"Ca commence par une odeur. Ensuite, on aperçoit une fumée blanche qui s'élève, et encercle notre immeuble. La combustion commence le soir et se termine à l'aube [...] On ne peut pas allumer l'air conditionné, on ne peut pas dormir. On reste eveillé jusqu'au matin, et on se sent suffoquer."
Le témoignage de Leila, habitante du quartier de Sin El Fil à Beyrouth est l'un des nombreux cités dans un rapport de l'ONG Human Rights Watch (HRW) au titre édifiant : "C'est la mort que nous respirons". Publiées début décembre, 67 pages à charge contre le gouvernement libanais décrivent l'enfer quotidien vécu par les riverains à proximité des décharges sauvages, où des déchets de tout type (jusqu'aux déchets médicaux ou déchets toxiques) sont fréquemment brûlés à ciel ouvert. Une pratique qui comporte de nombreux risques pour l'environnement et la santé.

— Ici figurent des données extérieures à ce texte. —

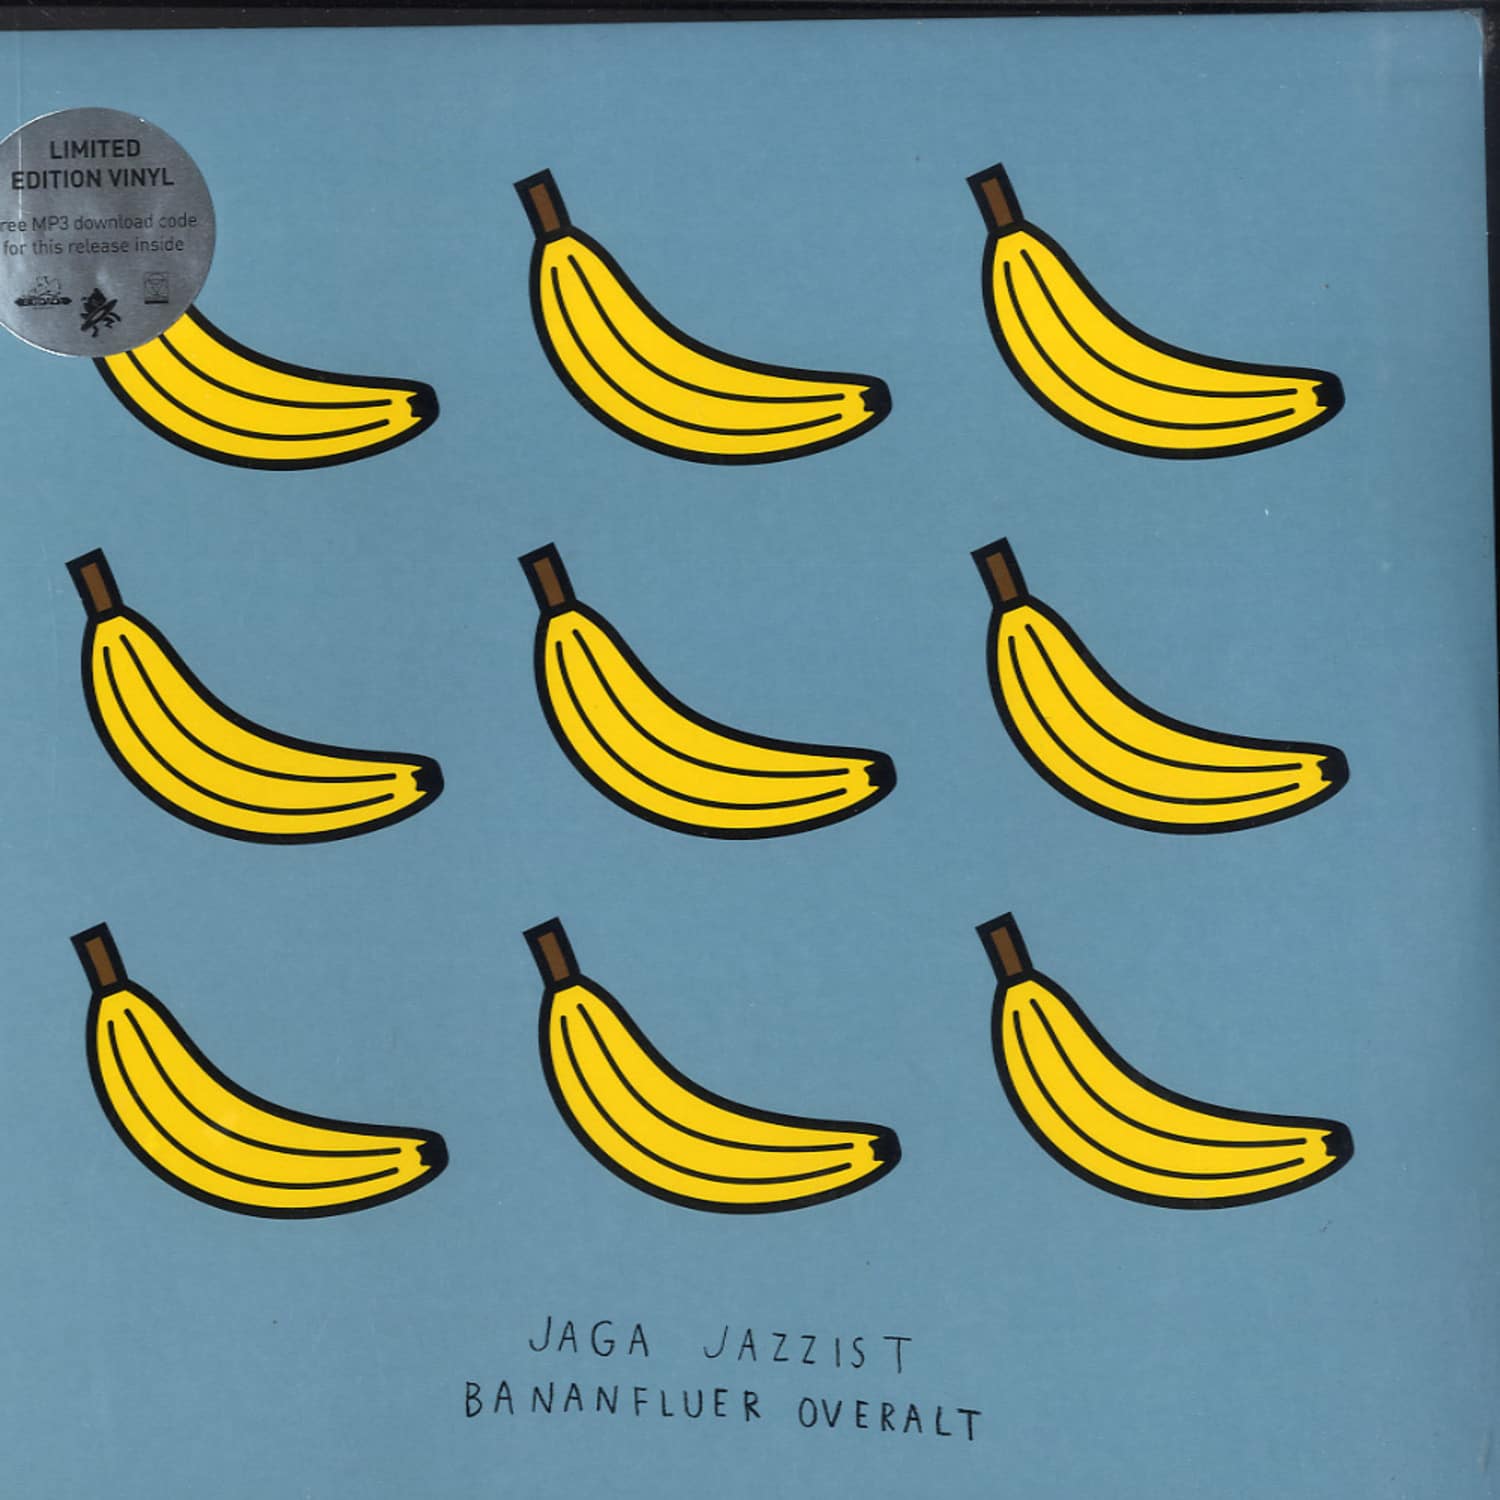 Jaga Jazzist - BANANFLUER OVERALT EP

Bassam Khawaja, chercheur à Human Rights Watch
Deux ans après la "crise des déchets" qu'a connu le pays à l'été 2015, aucune solution viable ne semble avoir été trouvée. À l'époque, des photos de la capitale, Beyrouth, envahie par des montagnes d'ordures après la fermeture de la principale décharge du pays, faisaient le tour du monde. Mais elles n'étaient que la partie visible de l'iceberg : ailleurs dans le pays, les problèmes de gestion de déchets perdurent depuis des décennies, notamment dans les zones les plus pauvres.
"Déjà pendant la guerre civile, les Libanais brûlaient les déchets à ciel ouvert. la différence, c'est qu'aujourd'hui des recherches sont menées, des ONG en parlent... donc l'attention est enfin portée sur le problème" explique Rima Tarabay, présidente du réseau Ecotown , qui a rédigé une thèse sur le thème du développement durable au Liban. "Ce problème persiste car il n'y a pas de cadre juridique , ni de pénalités sur le traitement des déchets." ajoute-t-elle.

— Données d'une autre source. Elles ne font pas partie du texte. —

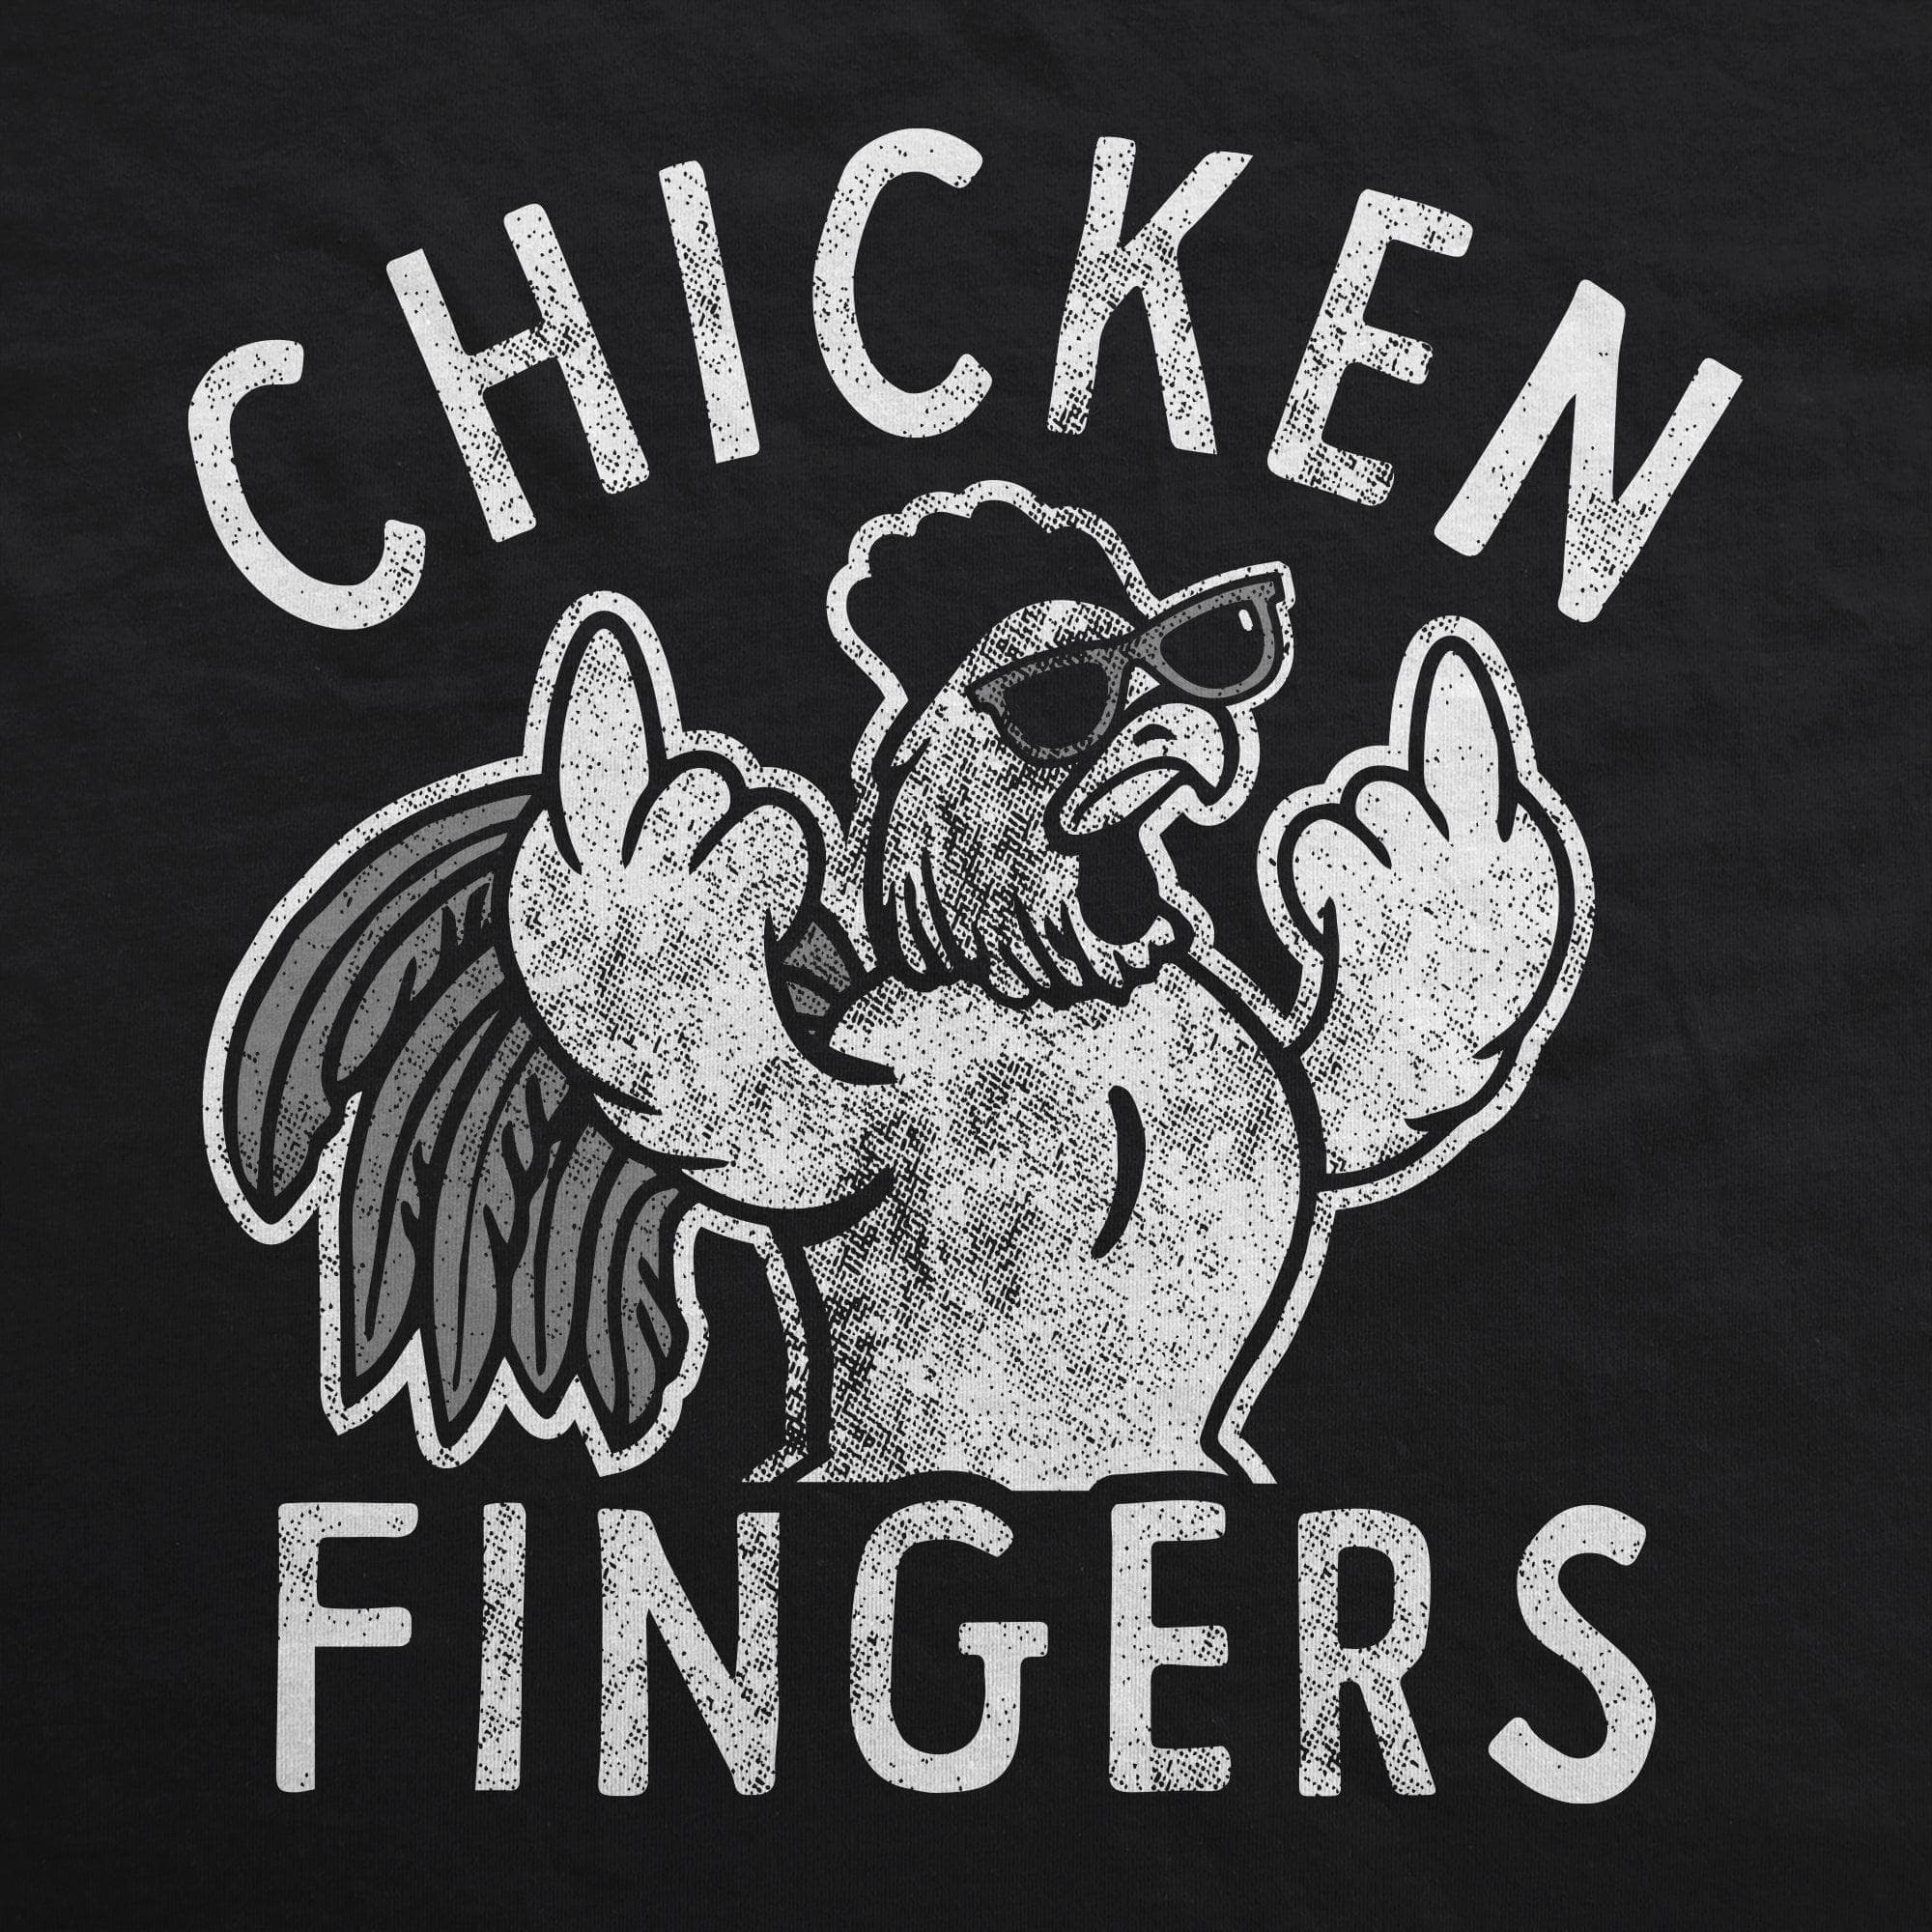 Chicken Fingers Hoodie  -  Crazy Dog T-Shirts

Les municipalités qui mettent en place ce genre de pratique se justifient par le manque de moyens alloués par l'Etat ; il n'existe en effet pas de plan gouvernemental pour la gestion des déchets. L'incinération reste la méthode d'élimination des déchets la moins chère.

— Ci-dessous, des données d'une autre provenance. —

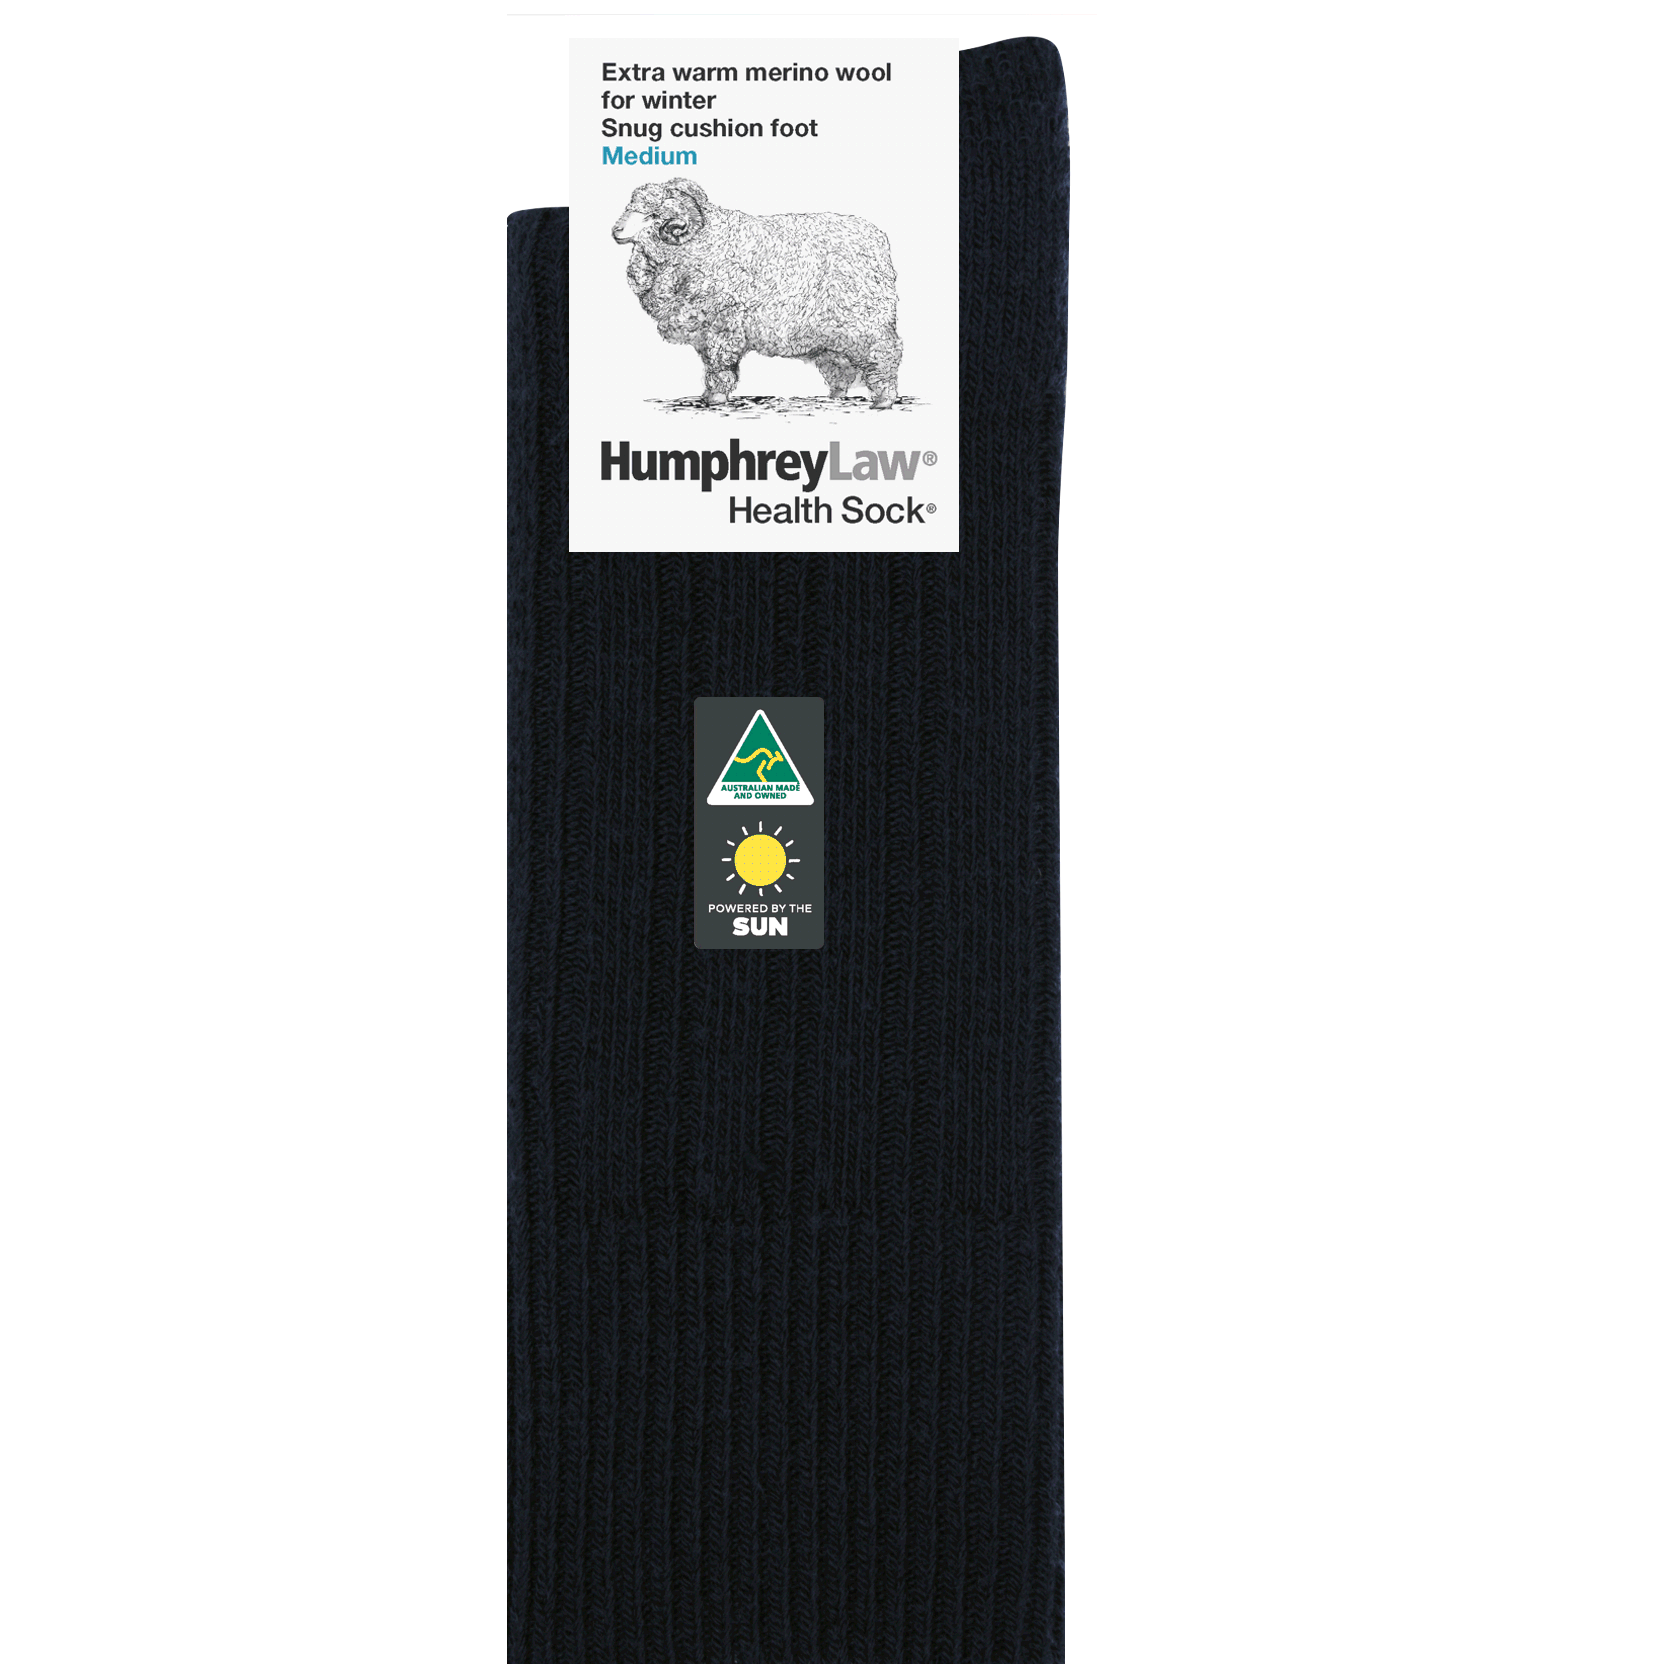 Extra Warm Merino Wool Sock in Black - Aussie Made - The Sockery

Suzanne Baaklini, journaliste à l'Orient-Le Jour
Les problèmes de santé répertoriés chez ces habitants sont multiples "notamment des problèmes respiratoires comme la broncho-pneumopathie chronique obstructive, la toux, l'irritation de la gorge et l'asthme". Et les risques pour la santé pourraient être bien plus graves : l'ONG craint des cas de cancers, notamment chez les enfants. La majeure partie des personnes interrogées affirme n'avoir reçu aucune information de la part des autorités sur les risques encourus.
Actuellement, 77% des déchets sont jetés dans des décharges à ciel ouvert ou enfouies, pourtant une grande partie pourrait être recyclée ou compostée.
Dans l'attente d'un plan gouvernemental à long terme, les associations environnementales préconisent le tri des déchets, une solution qui commence à voir le jour dans certaines municipalités libanaises.